BEGIN Exercise data

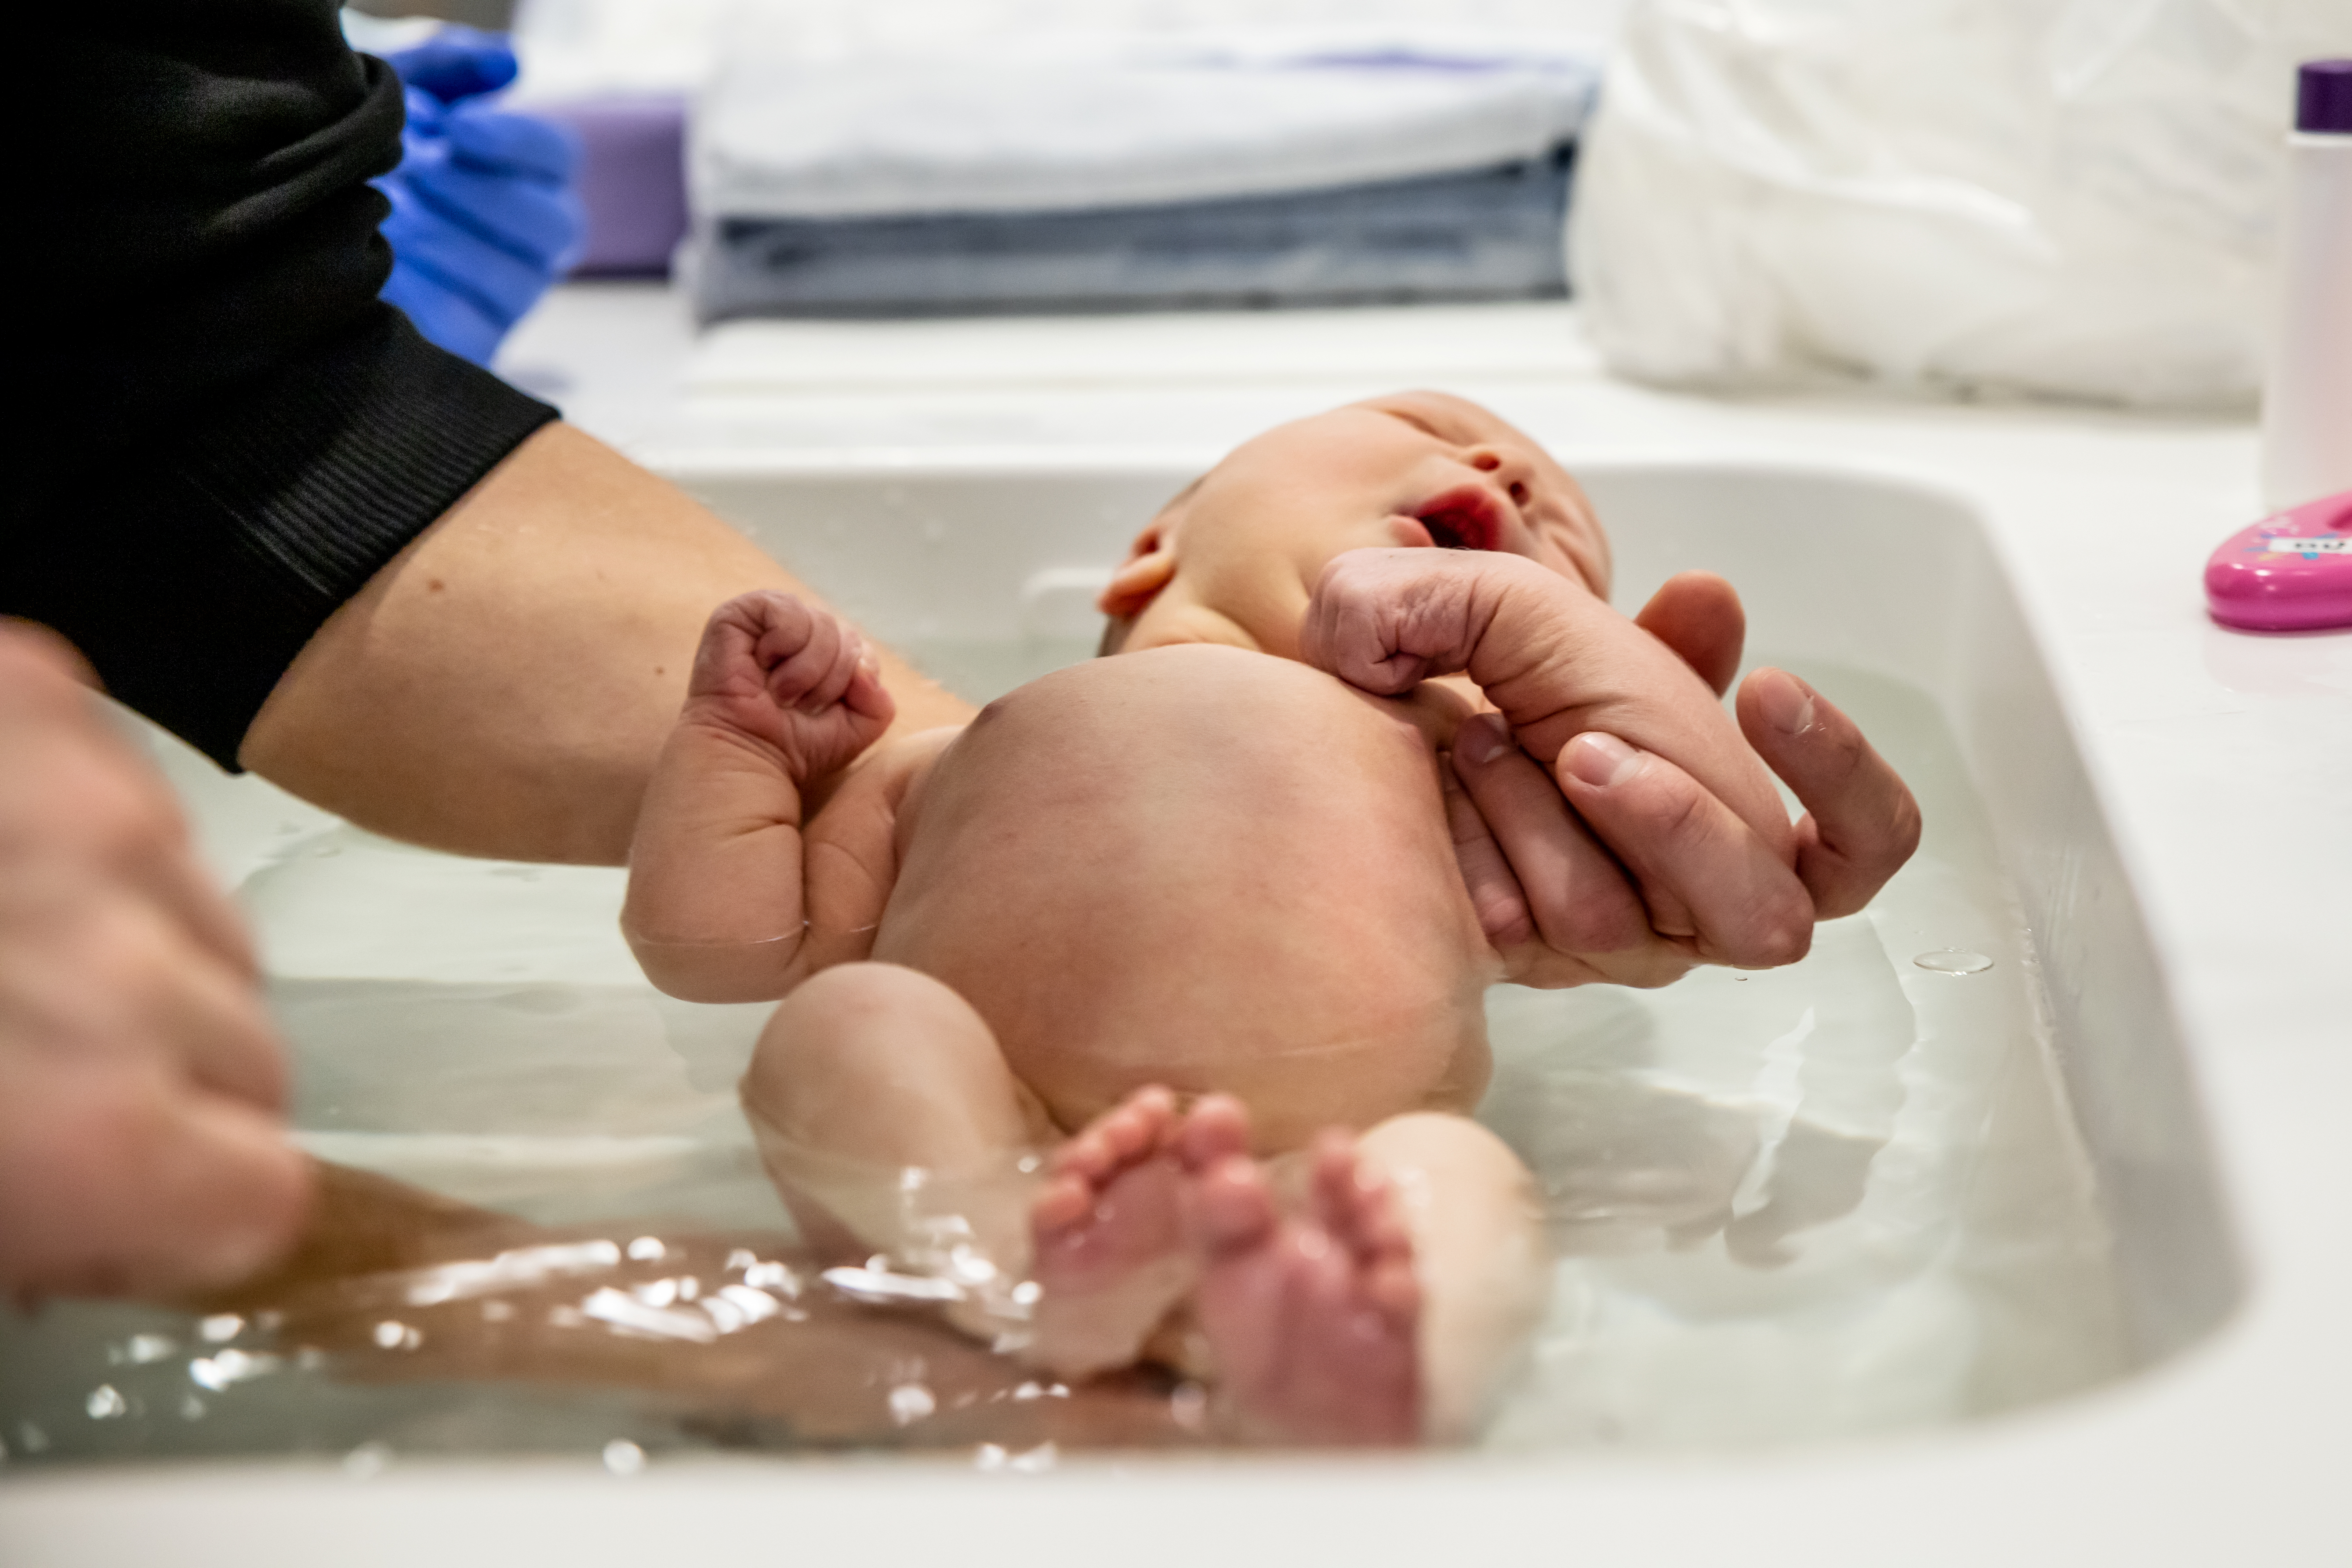 Ett nyfött barn badar i en balja, blir hållen av en vuxen person.
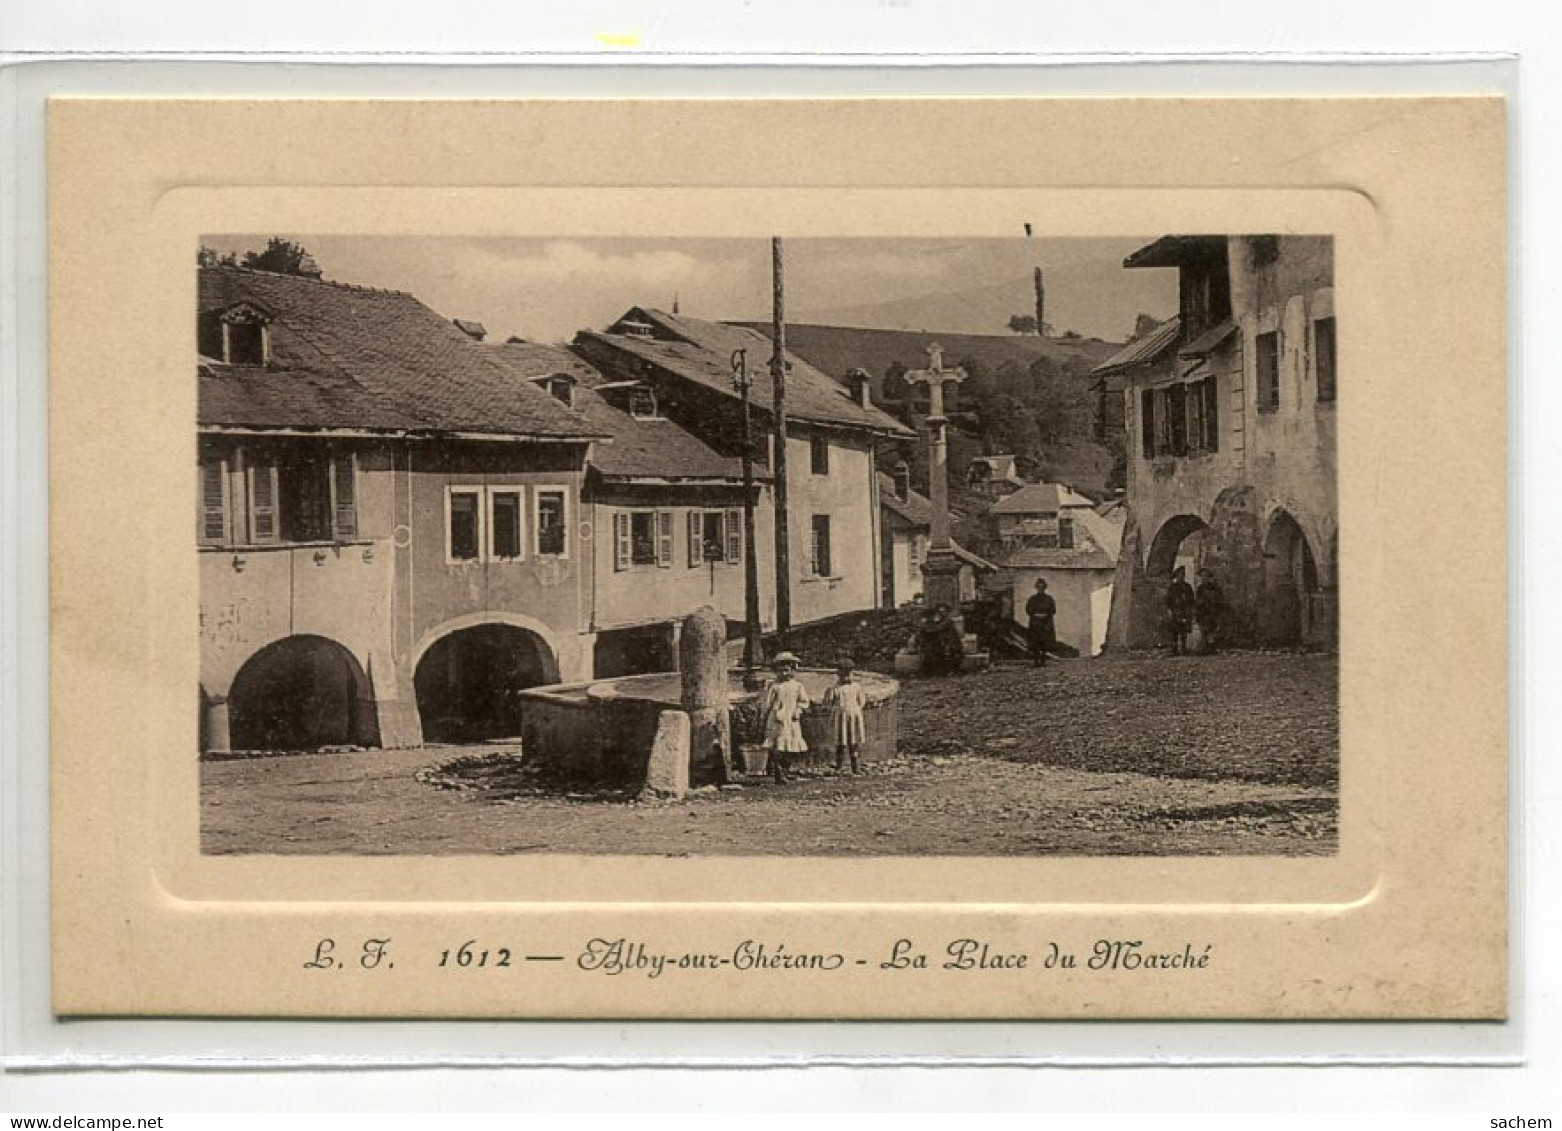 74 ALBY Sur CHERAN Place Du Marché Fillette Fontaine Villageois Croix  1910 Edit L F 1612   D11 2022  - Alby-sur-Cheran
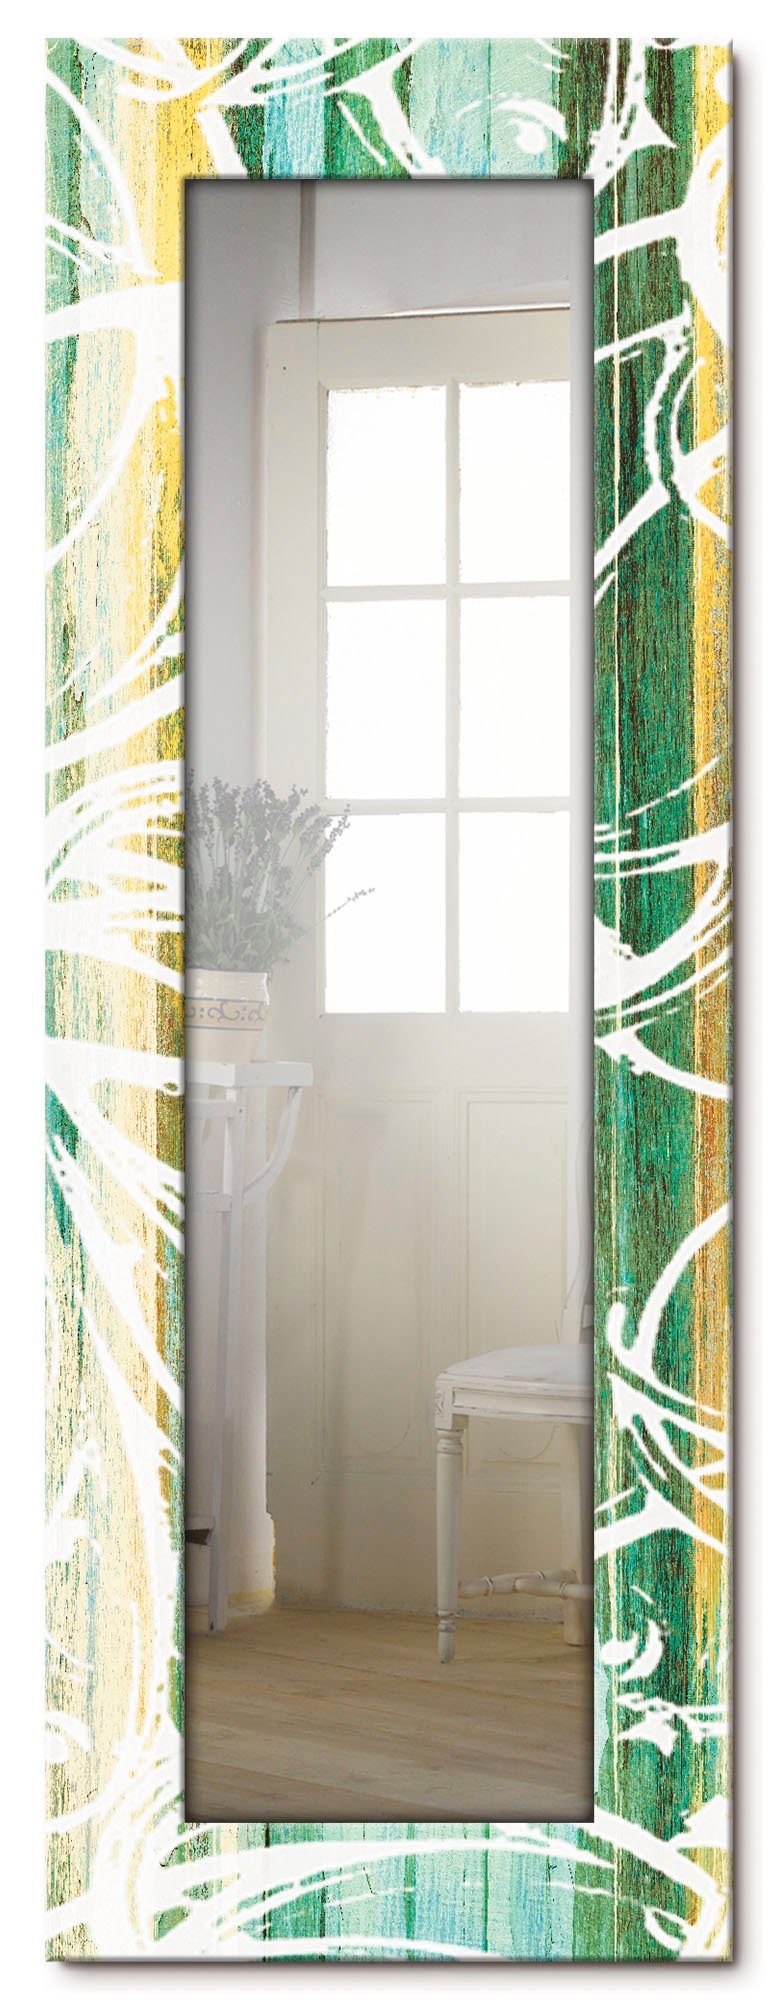 Artland Dekospiegel Ornamente im modernen mit Stil, Motivrahmen, Ganzkörperspiegel, gerahmter Wandspiegel, Landhaus

END Exercise data

### To do:
The job is to set down the whole listing exactly, excluding any images.

### Solution:
 Ett nyfött barn badar i en balja, blir hållen av en vuxen person.
 74 ALBY Sur CHERAN Place Du Marché Fillette Fontaine Villageois Croix  1910 Edit L F 1612   D11 2022  - Alby-sur-Cheran
 Artland Dekospiegel Ornamente im modernen mit Stil, Motivrahmen, Ganzkörperspiegel, gerahmter Wandspiegel, Landhaus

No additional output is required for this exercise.